Just for fun, I ran the linear regression with the Scikit-learn library too:
# This is a Python chunk
import numpy as np
from sklearn.linear_model import LinearRegression
regressor = LinearRegression()
x = r.mtcars[["hp"]]
y = r.mtcars[["mpg"]]
model_scikit = regressor.fit(x, y)
print(model_scikit.intercept_)
## [30.09886054]
print(model_scikit.coef_)
## [[-0.06822828]]
Let’s access the model
variable in R and see what type of object it is in R:
# This is an R chunk
model_r <- py$model
class(model_r)
## [1] "statsmodels.regression.linear_model.RegressionResultsWrapper"
## [2] "statsmodels.base.wrapper.ResultsWrapper"
## [3] "python.builtin.object"
So because this is a custom Python object, it does not get converted into the equivalent R object.
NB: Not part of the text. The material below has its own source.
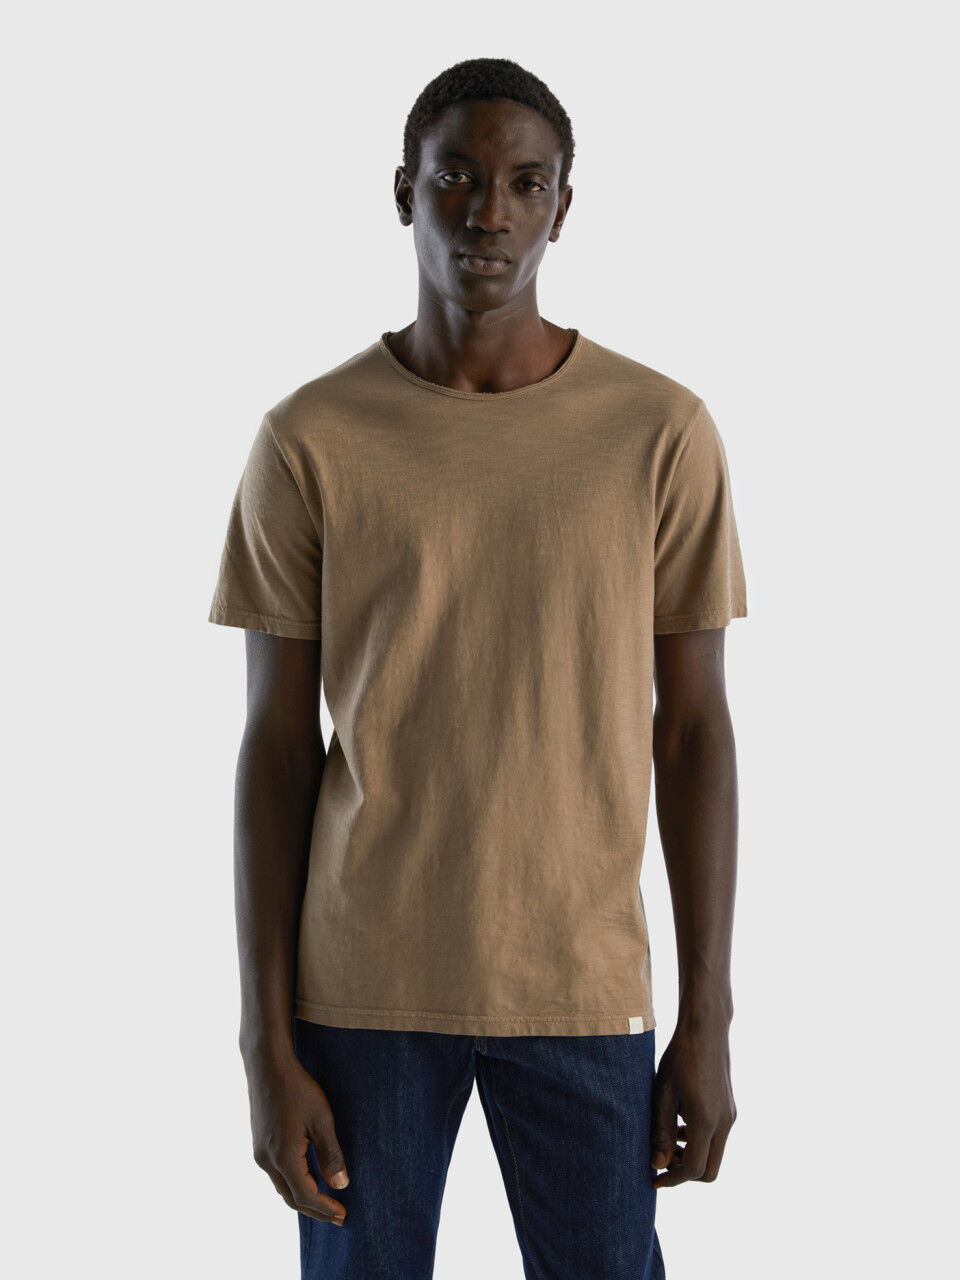 Dove gray t-shirt in slub cotton
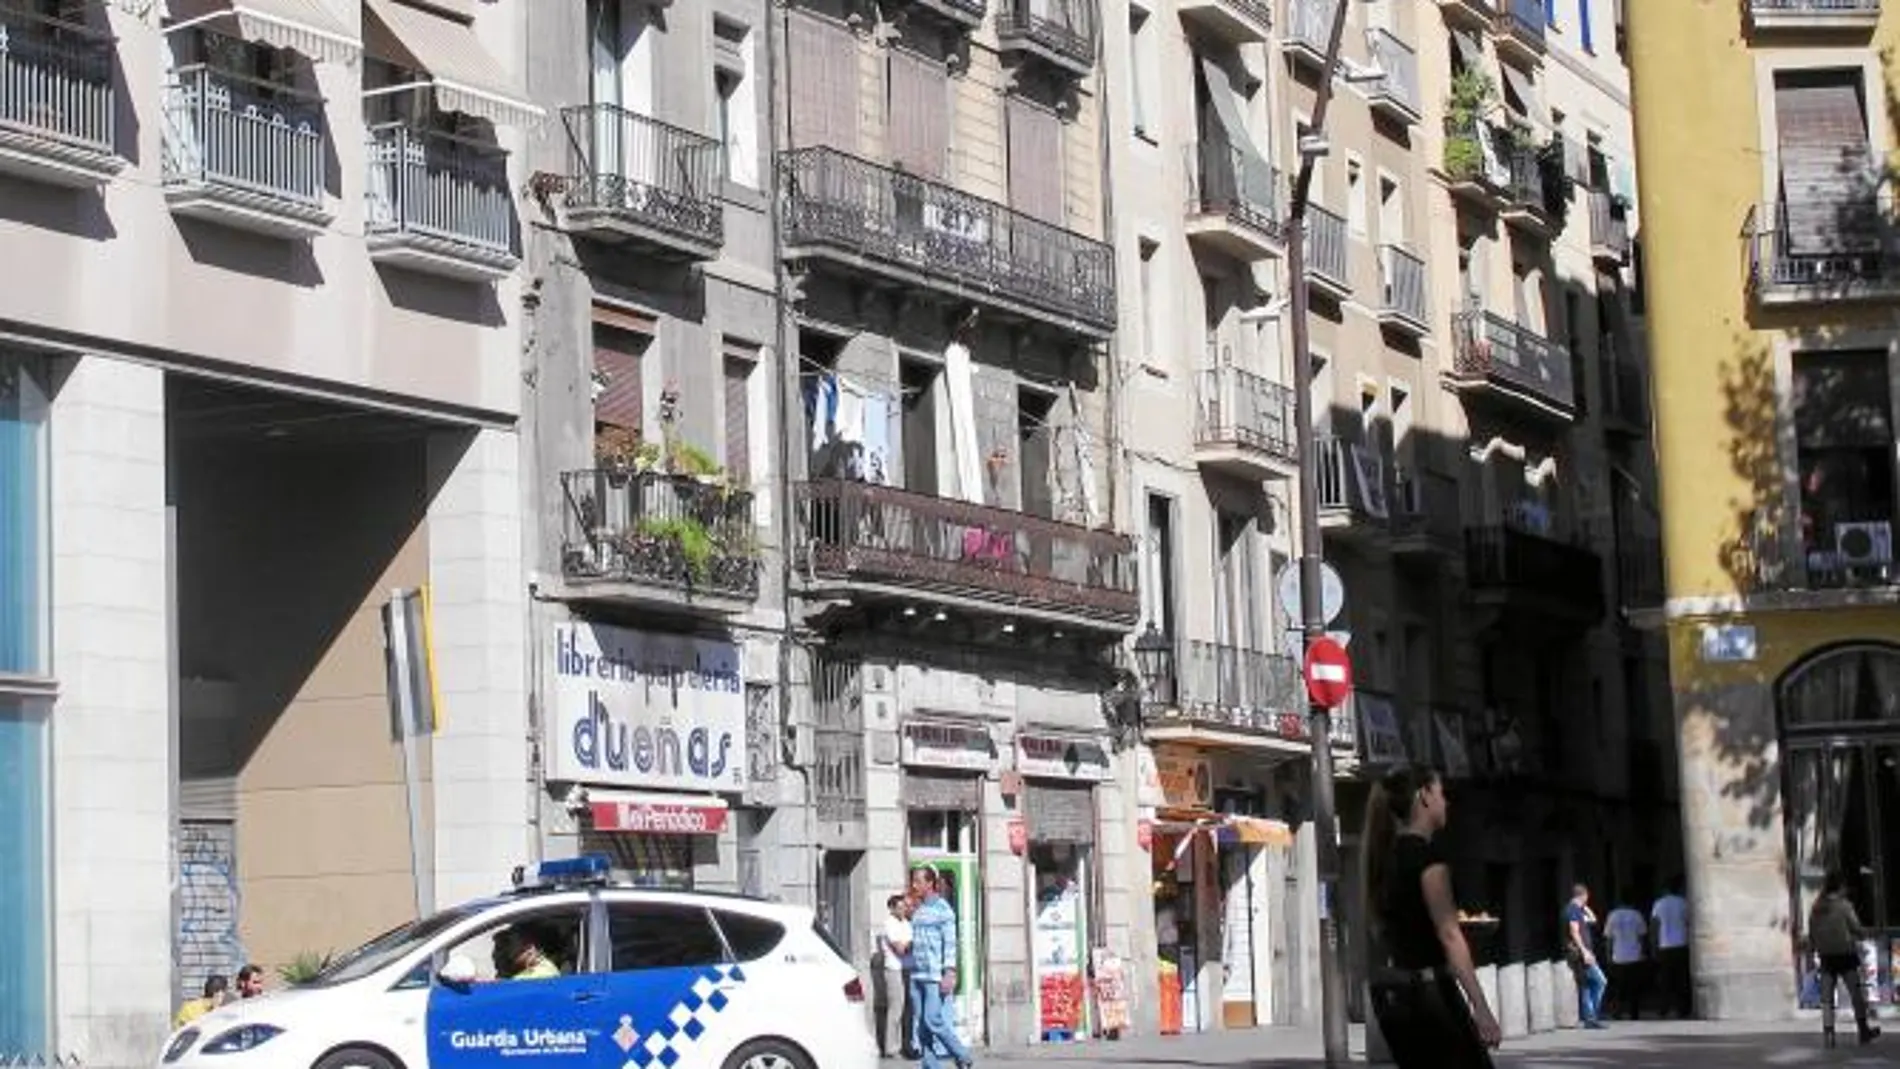 En la imagen, un coche patrulla de la Guardia Urbana de Barcelona

This is described here. However, you can still use Python methods from within an R chunk!
# This is an R chunk
model_r$aic
## [1] 179.2386
model_r$params
## Intercept hp
## 30.09886054 -0.06822828
I must say that I am very impressed with the {reticulate}
package. I think that even if you are primarily a Python user, this is still very interesting to know in case you need a specific function from an R package. Just write all your script inside a Python Markdown chunk and then use the R function you need from an R chunk! Of course there is also a way to use R from Python, a Python library called rpy2
but I am not very familiar with it. From what I read, it seems to be also quite simple to use.